*** Input data Section Begins ***

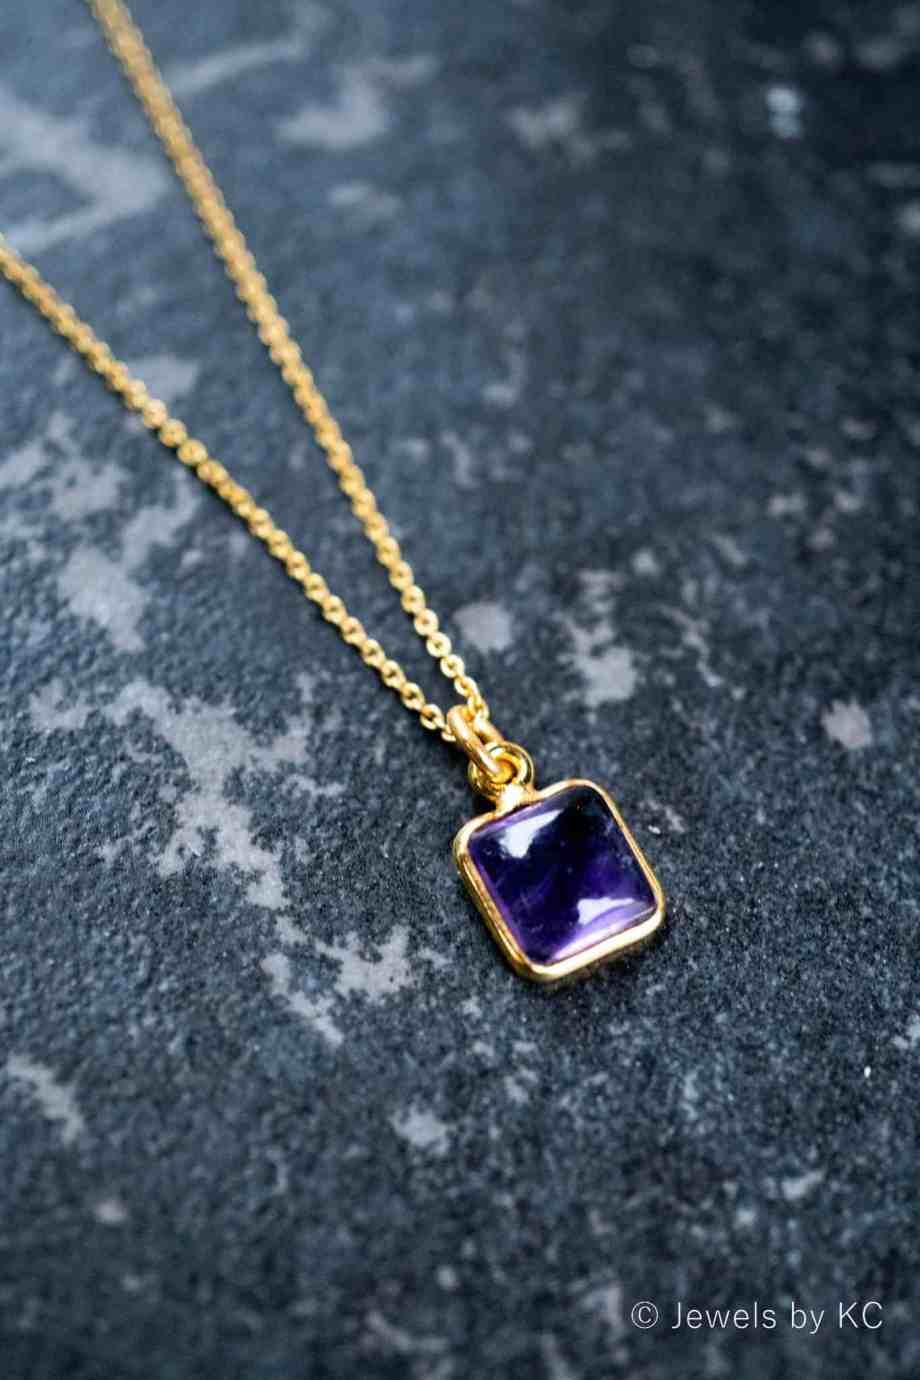 Gouden edelsteen ketting 'Square' paarse Amethist van Goud op Zilver
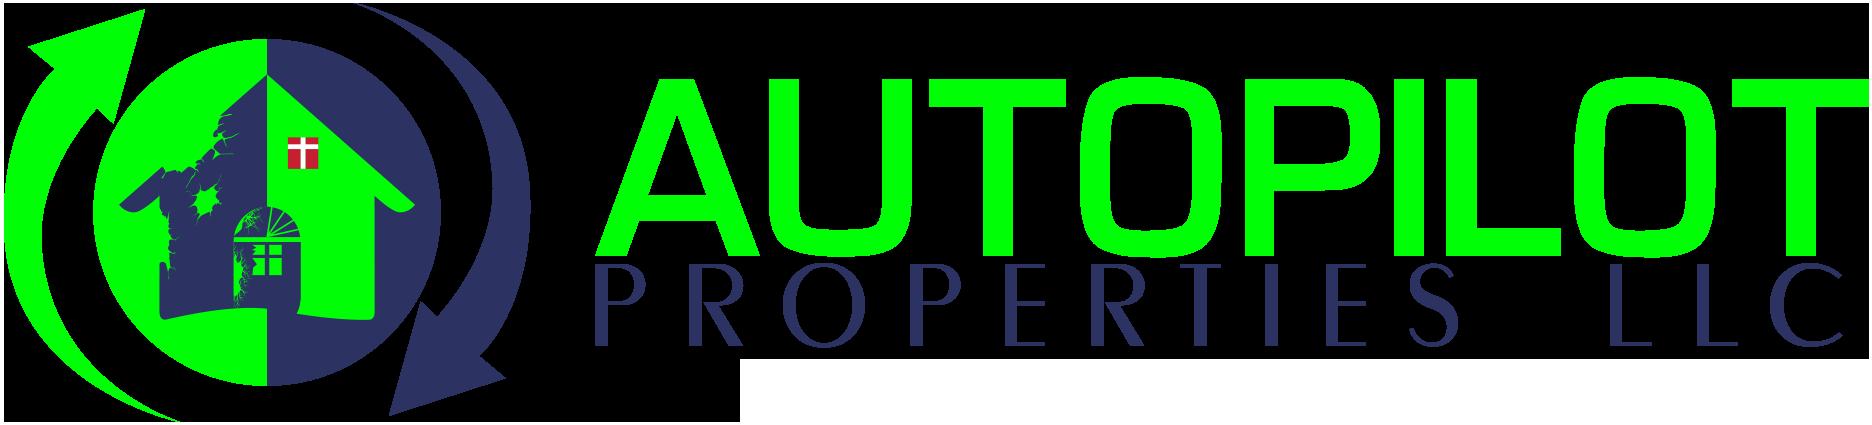 Autopilot Properties
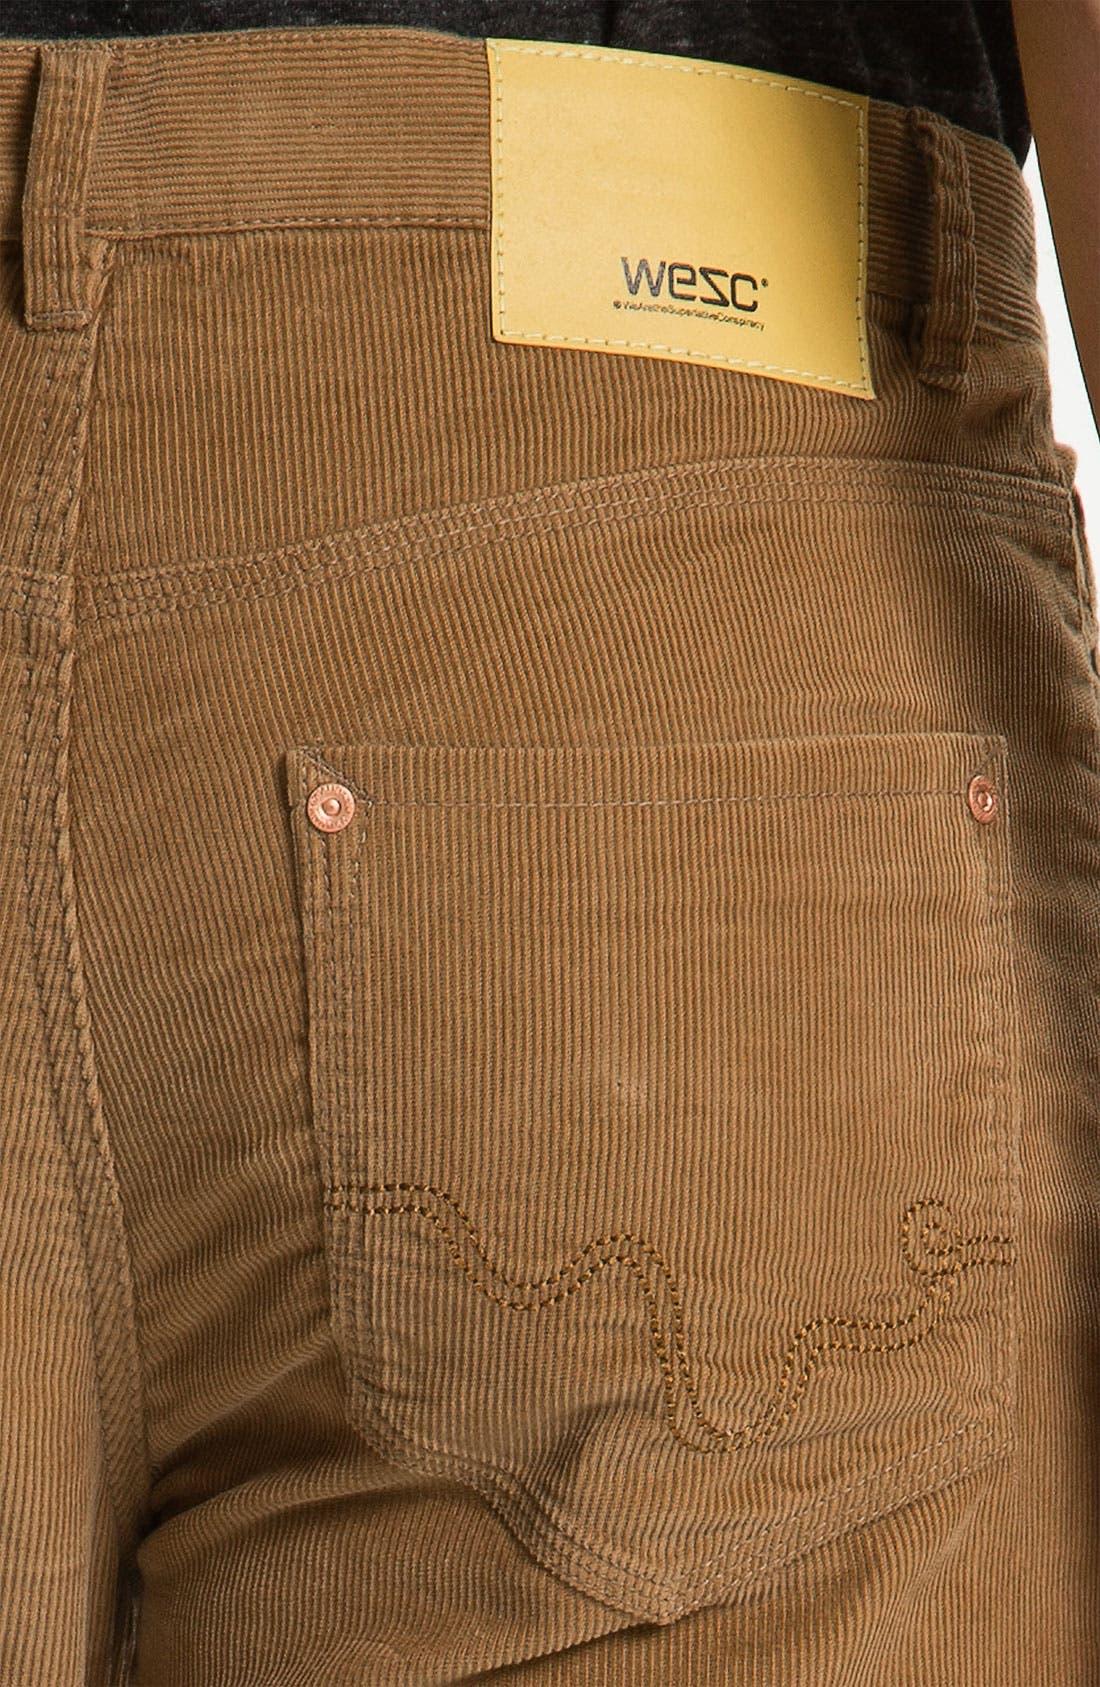 Alternate Image 3  - WeSC 'Eddy' Slim Fit Corduroy Pants

*** Input data Section Ends ***

- [Work instructions]
Would you return the data exactly as written, without the pictures?

- [Completed task]
 Gouden edelsteen ketting 'Square' paarse Amethist van Goud op Zilver
 Autopilot Properties
 Alternate Image 3  - WeSC 'Eddy' Slim Fit Corduroy Pants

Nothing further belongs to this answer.